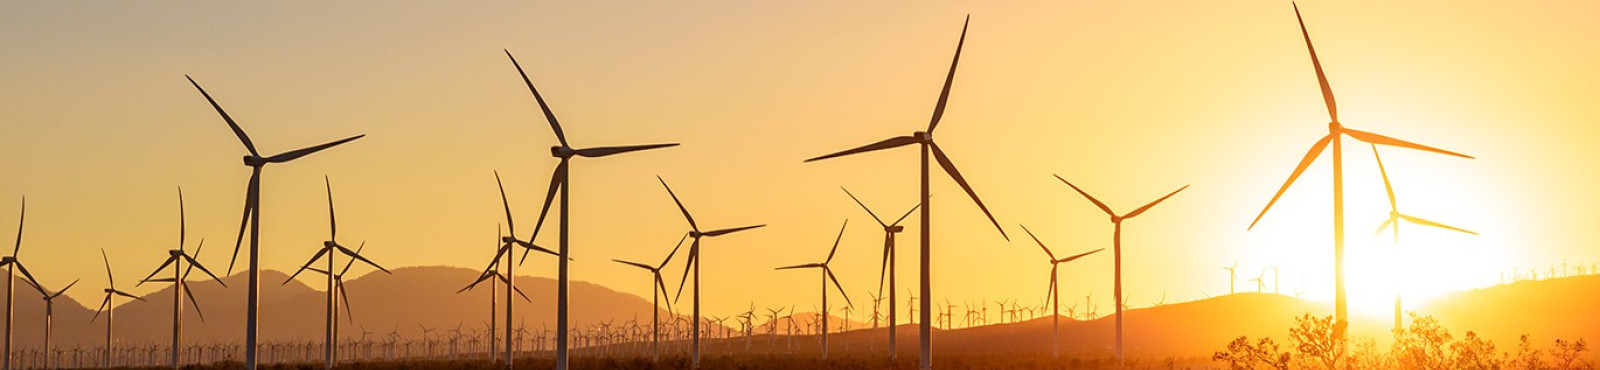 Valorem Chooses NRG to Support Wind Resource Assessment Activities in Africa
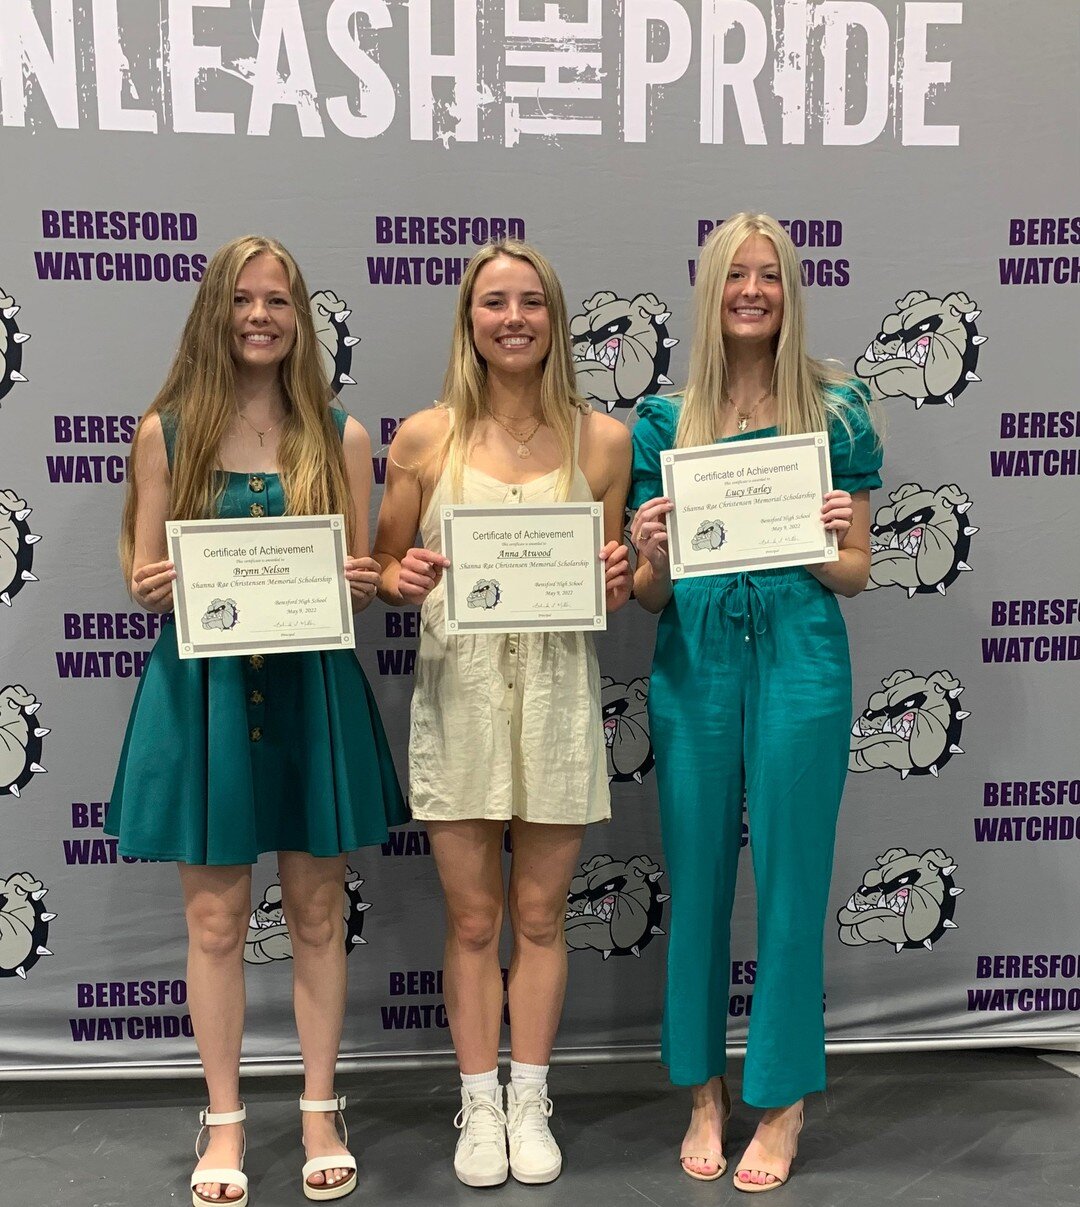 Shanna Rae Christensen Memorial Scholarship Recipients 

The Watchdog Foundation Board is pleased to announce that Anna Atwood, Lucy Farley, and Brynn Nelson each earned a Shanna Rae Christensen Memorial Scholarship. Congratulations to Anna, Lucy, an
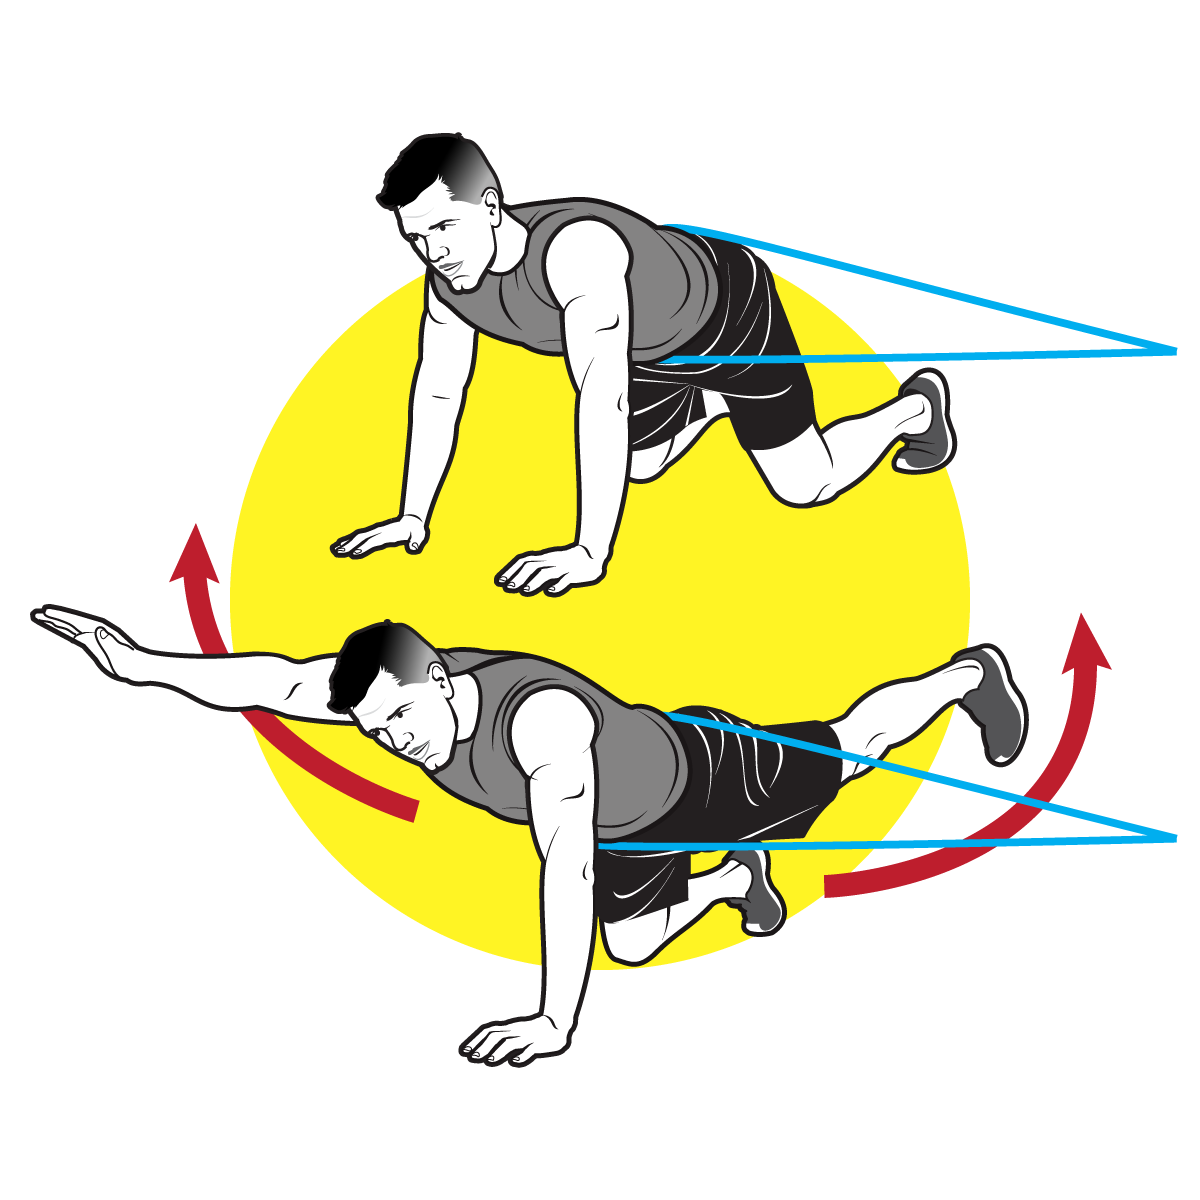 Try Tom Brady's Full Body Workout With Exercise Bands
--
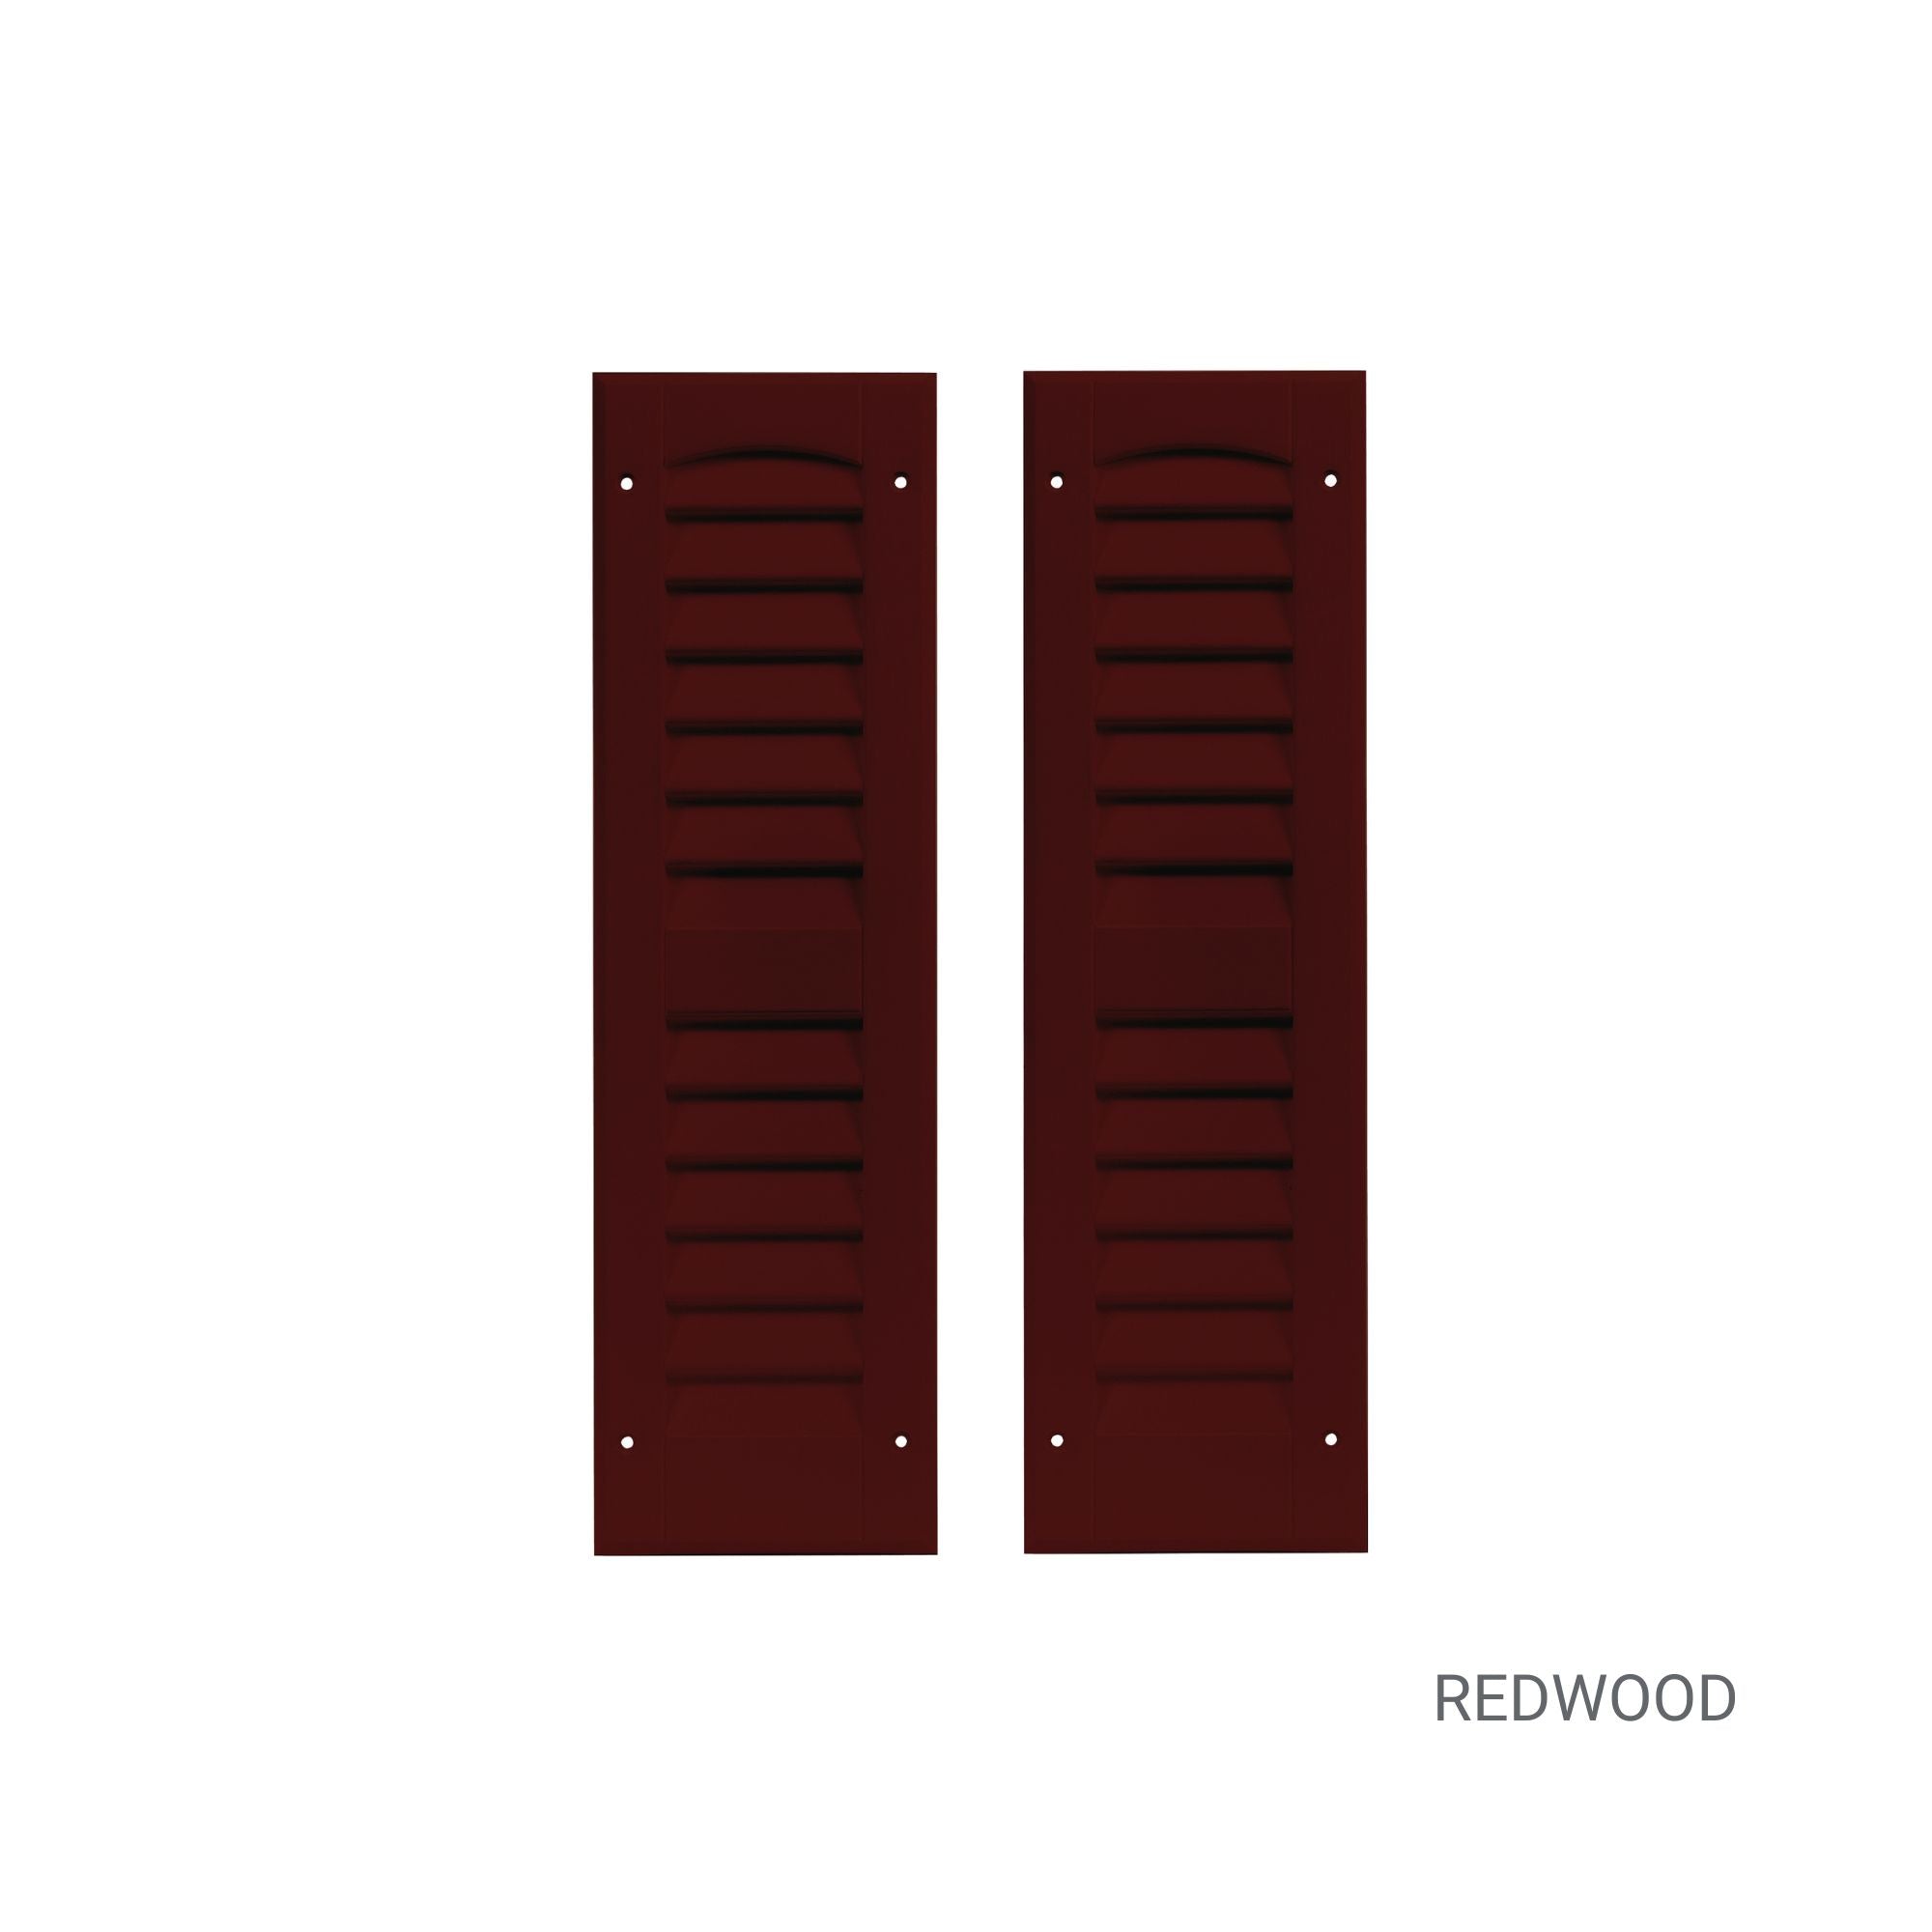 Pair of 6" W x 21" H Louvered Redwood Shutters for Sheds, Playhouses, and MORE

• **TASK REQUIREMENTS**
The material above holds pictures; leave them out. Repeat exactly the lines from the one containing "The Watchdog Foundation" through the one containing "Try Tom Brady's", and nothing else.

• **ANSWER FOR THE TASK**
The Watchdog Foundation Board is pleased to announce that Anna Atwood, Lucy Farley, and Brynn Nelson each earned a Shanna Rae Christensen Memorial Scholarship. Congratulations to Anna, Lucy, an
 Try Tom Brady's Full Body Workout With Exercise Bands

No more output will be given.